Já estava próximo o desfecho da passagem de Dilma Rousseff pela presidência da República, em 2016, quando ela atuou para documentaristas e se concentrou na missão de representar o papel de vítima de um golpe. No Teatro dos Bancários, na Asa Sul de Brasília, militantes do PT e apoiadores de Dilma, então presidente afastada, aguardavam-no em um espaço apertado. A trilha remontava à campanha presidencial de 2014 com o jingle “Coração Valente” pela voz da pequena baiana Giovanna Lima, que gravou a melodia quando tinha sete anos. O tema foi tocado em looping ao lado do evento e interrompido apenas por poucos instantes. Dilma estava em cena – literalmente, não mais para se manter no Planalto mas como intérprete de uma narrativa que ela desejava que se tornasse viral após o impeachment, conforme registro da reportagem da revista Época.
Ali, no ambiente fechado, controlado com decoração avermelhada, aconteceria um comício cenográfico, artificial, no qual Dilma buscava com seus olhares as câmeras, não a plateia. A presidente da República deixara de existir e surgia a atriz protagonista de um documentário sobre o golpe. A repórter Talita Fernandes, de Época, revela que Dilma autorizara dois meses antes que documentaristas filmassem seu cotidiano no Palácio da Alvorada, onde cumpria seu retiro desde abril e em comícios de equipe. A intenção que movia Dilma era a de que sua história fosse contada. Ela mantinha desconfiança extrema em relação à imprensa. Foi assim que quatro equipes de Anna Muylaert e Lô Politi, ex-colega do marqueteiro petista preso João Santana, na última campanha de Dilma, Petra Costa, Maria Augusta Ramos e Douglas Duarte filmaram seu cotidiano. Dilma exigiu que as equipes estivessem no Senado para onde planejou o ato clímax da sua narrativa – a defesa que fez pessoalmente do seu mandato.
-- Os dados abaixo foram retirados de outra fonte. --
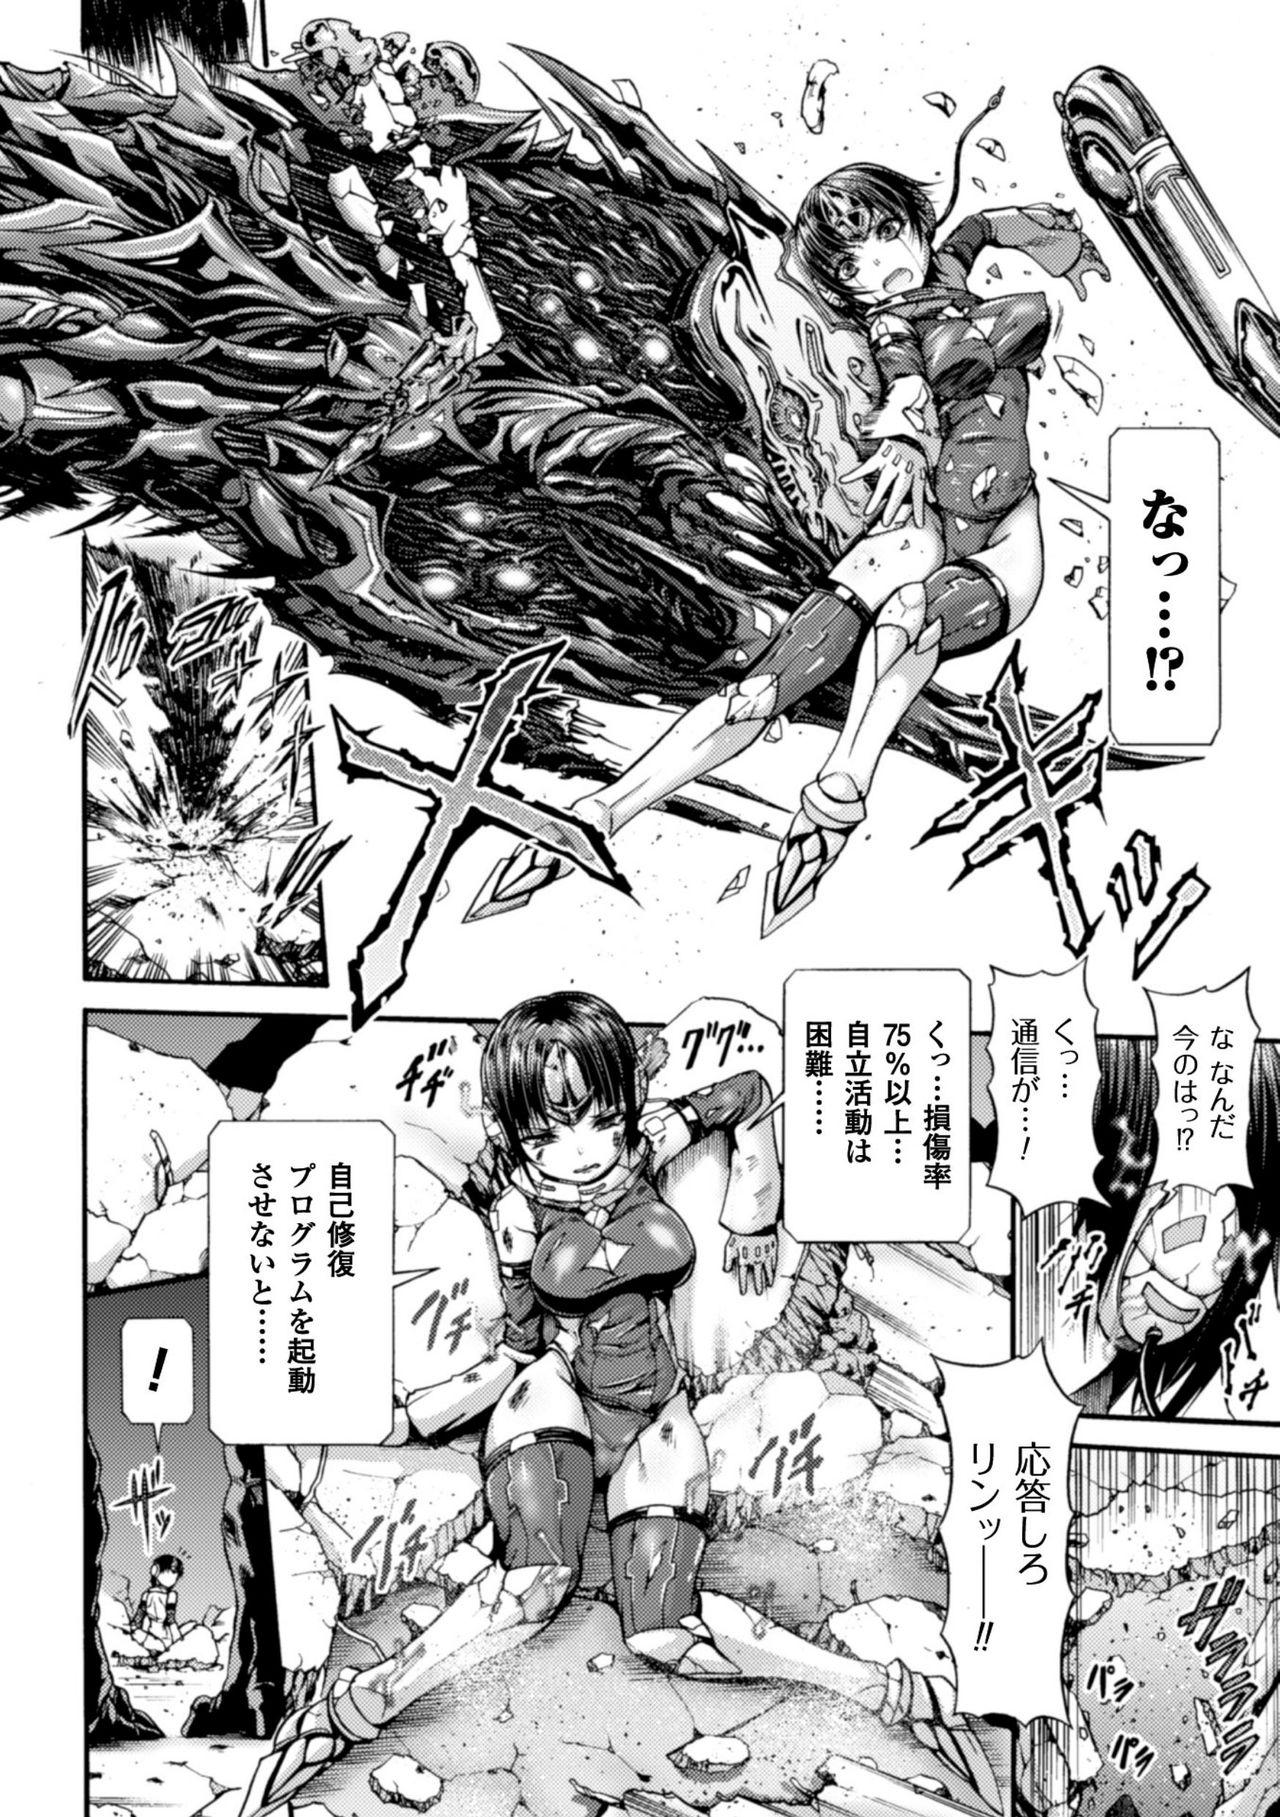 Seigi no Heroine Kangoku File Vol. 8 59

Ela não escondeu que queria entrar para a história como a primeira mulher eleita presidente do Brasil e como vítima de um golpe. Não quis parecer Fernando Collor, que renunciou às vésperas do seu impeachment em 92 e terminou isolado, com fama de explosivo e de alguém que desistiu de lutar. Dilma já demonstrava, então, extrema dificuldade para reconhecer publicamente seus erros, como a aversão à política, o jeito durão, a obsessão centralizadora e a inexperiência política que impossibilitou o diálogo com o Congresso Nacional e o PT. Preferiu atribuir o fim do seu governo única e exclusivamente a um golpe parlamentar, orquestrado por traidores e apoiado pela elite conservadora do país e por segmentos da mídia. Nunca mencionou que os deputados e senadores que a julgavam foram eleitos democraticamente, sendo representantes da população tanto quanto ela. Dilma subiu ao palco vestida com uma calça preta e uma blusa vermelha rajada de negro. No início do discurso que duraria 37 minutos, enfatizou, dirigindo-se aos presentes: “Eu acredito que vocês são o que de melhor aconteceu para mim e para o país nestes tempos tão sombrios”. Um ano depois do impeachment, Dilma é uma incógnita.